Over the weekend, I attended two of the more talked-about pieces of the season: Aftermath by Jessica Blank and Erik Jensen at New York Theatre Workshop and The Provenance of Beauty by Claudia Rankine through the Foundry Theatre. The two have much in common: both are based on interviews and documentary material, are outright political, and, for better or worse, make a strong plea for the white liberal guilt of the audiences. This brings to the fore some very basic and difficult questions concerning political theatre, and the never-ending complex explicit in its performance: what, exactly, does political theatre do?
This last divide is the most significant and well thought-out, as the audience’s guide through the stories is a translator, Shahid, played with touching honesty by Fajer Al-Kaisi, and he represents the conflicts being “between worlds.” His obsession with computer games (American, of course) taught him his first English lessons (“Thanks, Leisure Suit Larry!” he quips, and I think I was the only one in the audience to laugh), and his position between the Americans and the Iraqis, even in times of peace, are fraught with misunderstanding, animosity, and violence. It seems all miscommunication can be traced back to miscommunication, and the translator becomes a pariah, reminiscent of Umberto Eco’s wordplay on traduttore-traditore, or “translator-traitor.”
And while the Shahid is a wonderful device and metaphor for Aftermath, it’s a sad reminder that we place so much emphasis on the problems between languages, when the body count in Iraq has become such a desensitized phenomenon, relegated to afterthoughts in the news these days.
Closer to home, The Provenance of Beauty examines the history and contemporary issues of gentrification of the South Bronx, via a bus-tour-performance. Going all the way back to the Dutch colonists, but focusing on the past half century, when the Bronx received its reputation as the least desirable real estate in the five boroughs.
The tour is informative and, at times, personal and beautiful, as the tour is narrated by three natives, through radio headphones worn by audience members. And this is the production’s greatest feat: Geoff Abbas, Kell Condon, and Casey Llewellyn have done a magnificent job rigging a run-of-the-mill charter bus into a live video and sound feed theatre space.

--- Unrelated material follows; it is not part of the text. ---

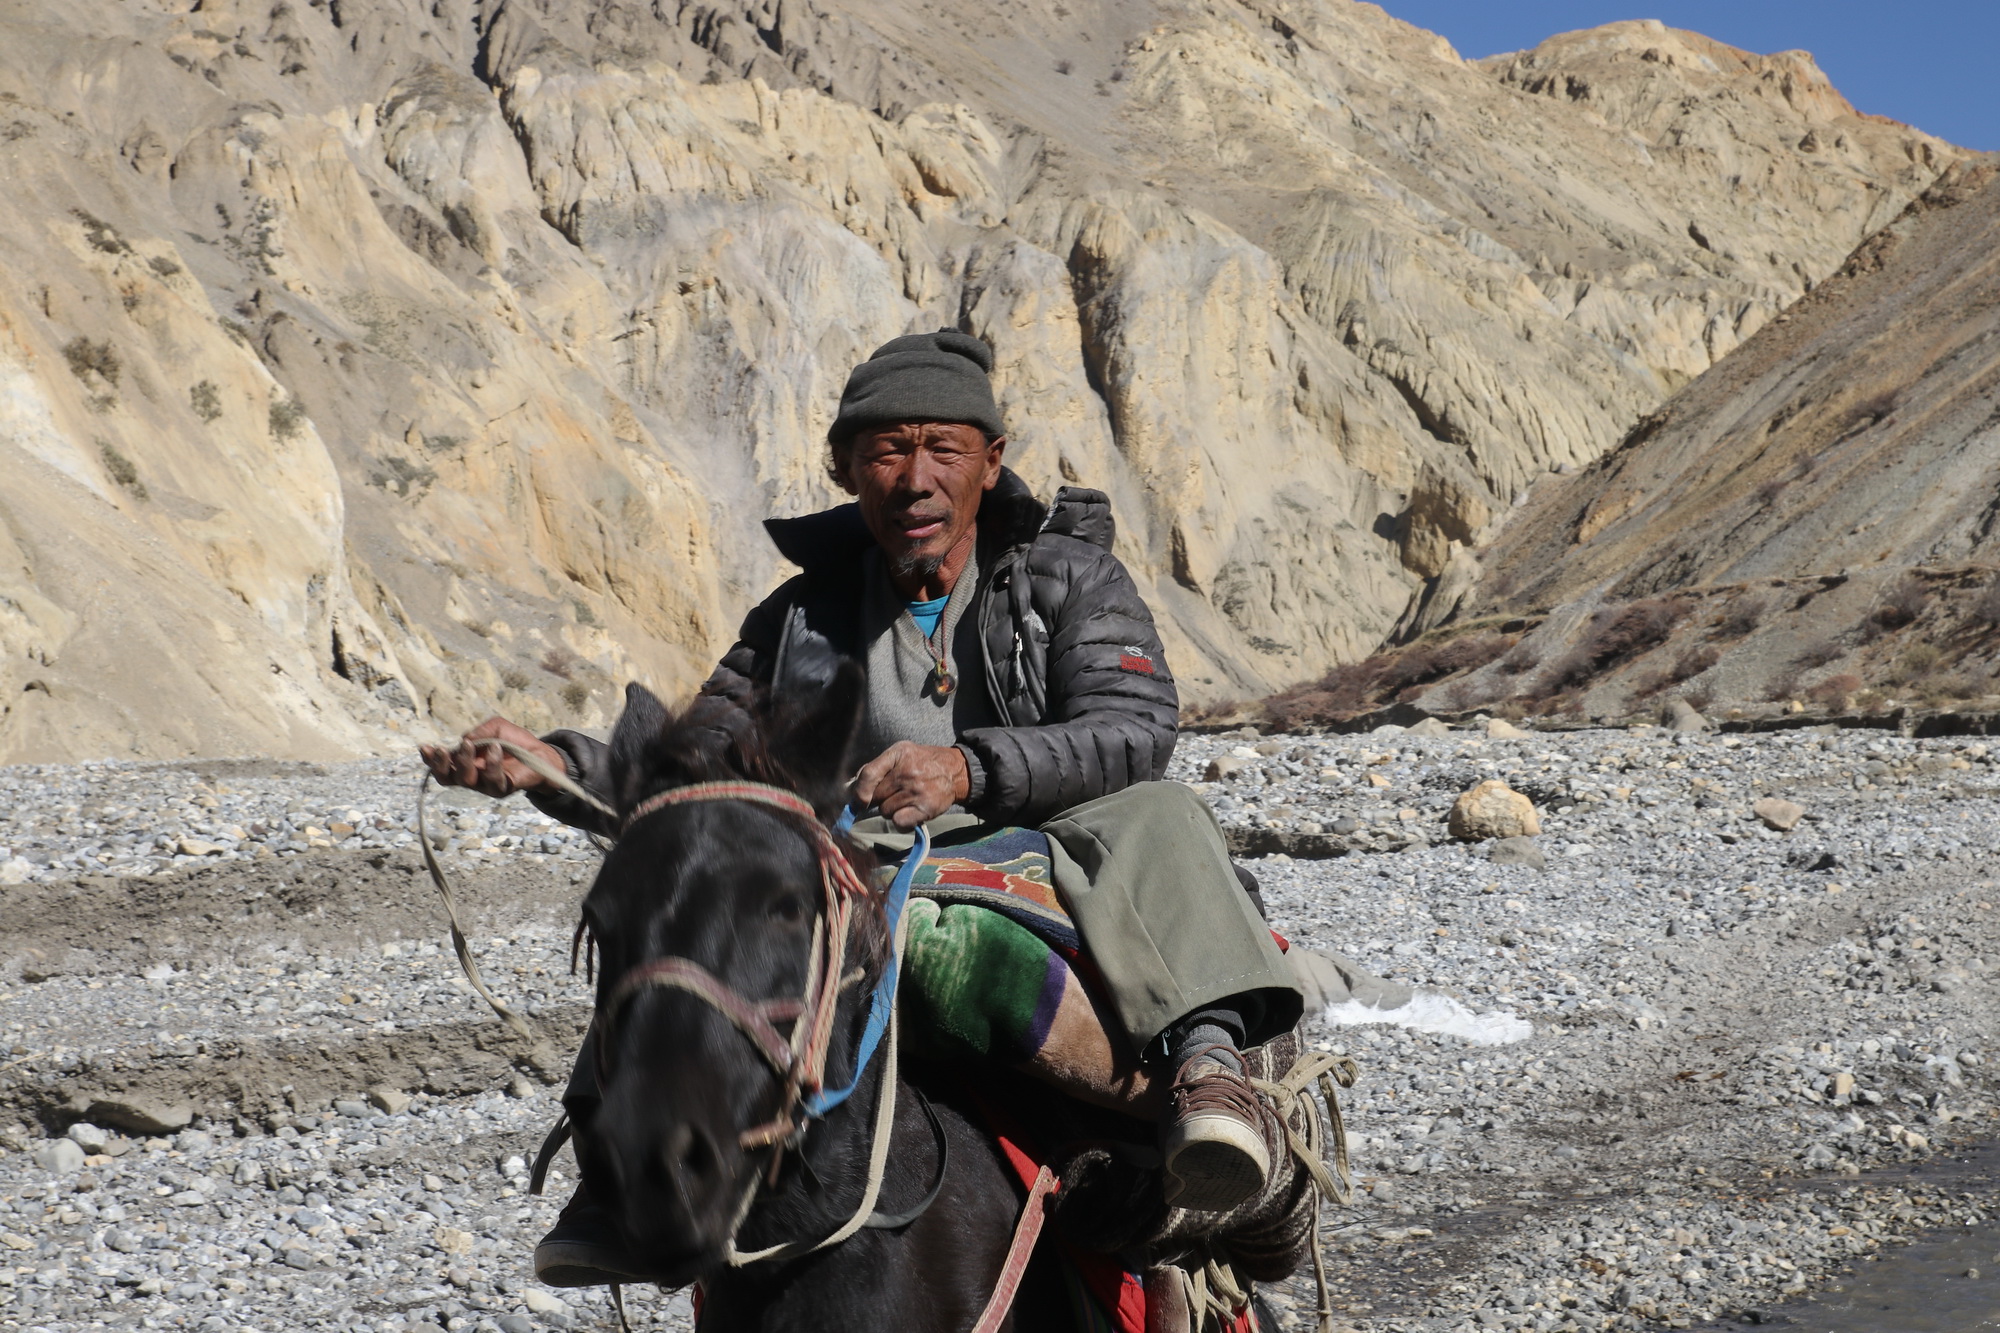 Upper Mustang horseman on the way to Yara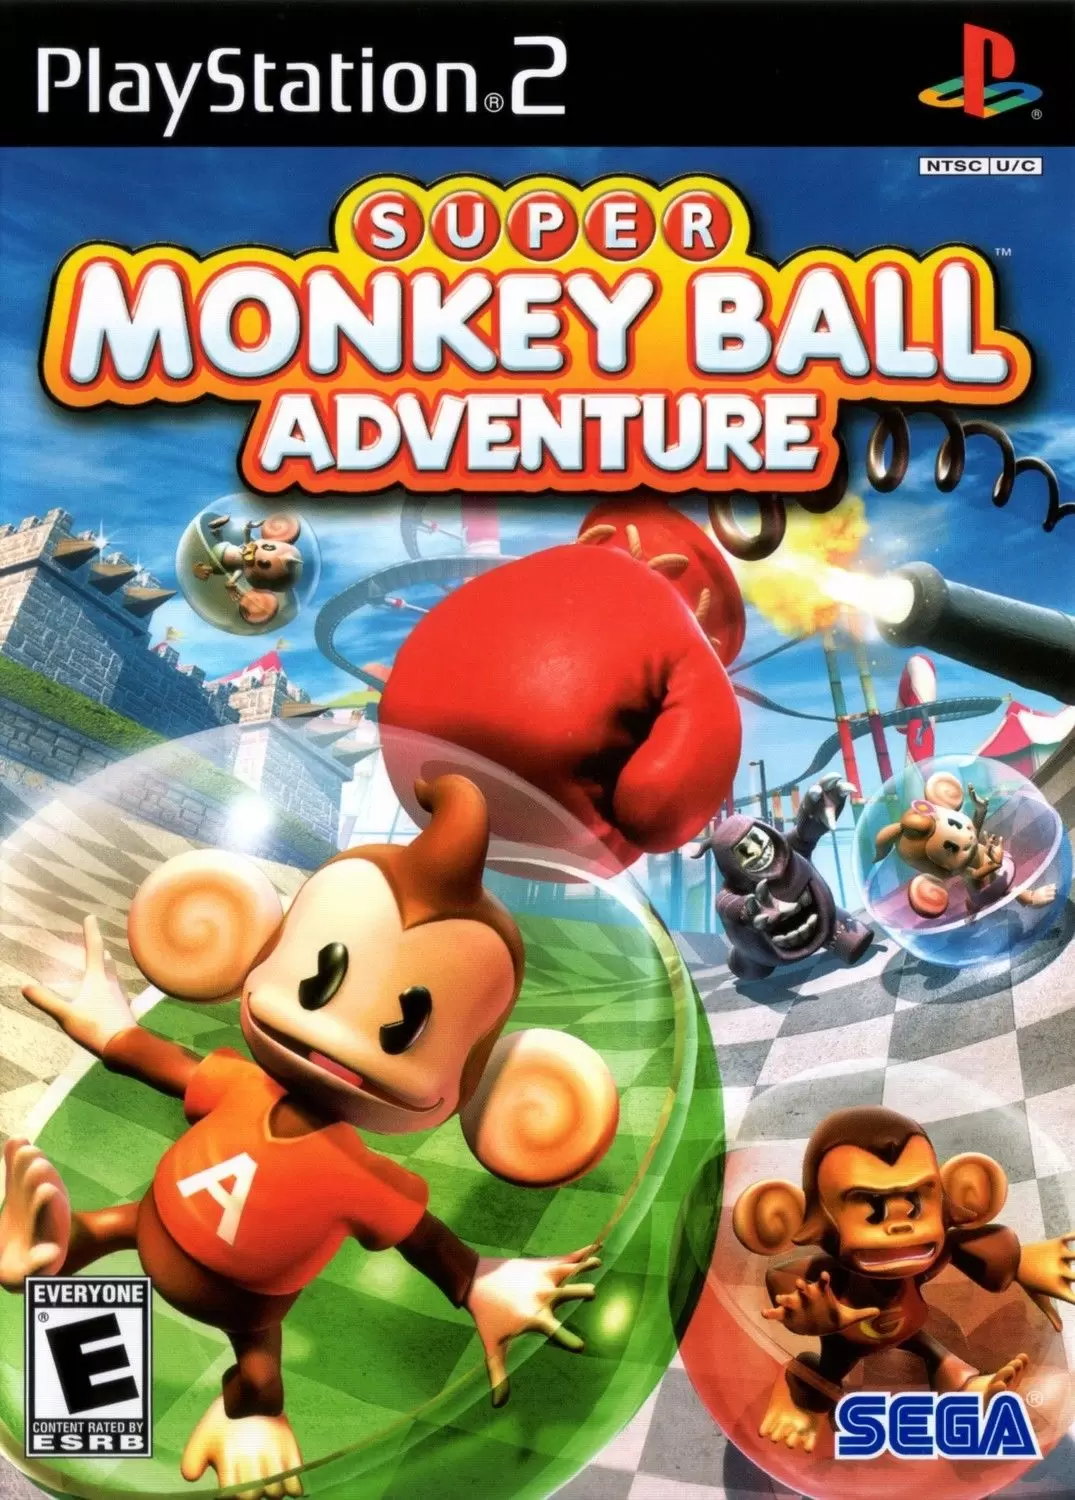 PS2 Games - Super Monkey Ball Adventure

The intimacy fostered by the headphones make the tour a very individual experience, despite the pseudo-public nature of the environment.
Provenance, however, instead on focusing on the enlightenment of the Bronx experience, the beauty of the aesthetics and history, set up an unfortunate antagonism with gentrification of “SoBro”; I’ve glossed the complications of the process in the past (my NY Times debut!), and a poetic polemic does very little to expose greater issues of the economic divide, cultural nostalgia, and social inequalities that contribute to an ever-changing landscape.
For starters, the performance starts out from and returns the audience to a location in Manhattan, surely a device to ensure the audience comes in the first place, and, perhaps more audaciously, assumes at a number of junctures that each passenger is from Manhattan, bordering on name-calling.
Mostly however, the text holds the audience to a fallacial struggle between “you and me,” which Walter Benn Michaels sums up well in The Trouble with Diversity:
They’re nostalgic, in other words, not exactly for racism but for the distinctive social practices (what Cornell West calls the ‘cultural armor’) that resistance to racism helped create. On the one hand, Jim Crow impoverished and disempowered an entire community; on the other, it solidified that community’s identity as a community.
So as the bus passes by Baretto Point Park, our tour guide characterizes it pre-urban-renewal as
This was always our park, we chose it because it had been thrown away. Memory upon memory was built in this place as darkness descended and a neighborhood asserted itself where one would least look to find it.
The soft-focus lens disappears however, after Giuliani renovates the shoreline; only then are the fertilizer factory and raw sewage treatment plant that flank and poison the water there are mentioned, even though they existed long before, back in the day. It’s a common and misguided double standard in the discourse on gentrification.
I’m not going to be presumptuous enough to attempt to answer the question I set out at the opening. That would be insane, and I’d love to hear the thoughts of you, brilliant OJ readers, and start a dialogue. Instead, I will say that both these performances are powerful and moving at many points, and well worth attending and beginning a conversation about very important political issues of the times. The assumption of antagonism, though, seems to fall flat, upon deaf ears, though, and bearing witness, raising awareness seems a much more productive and hopeful goal.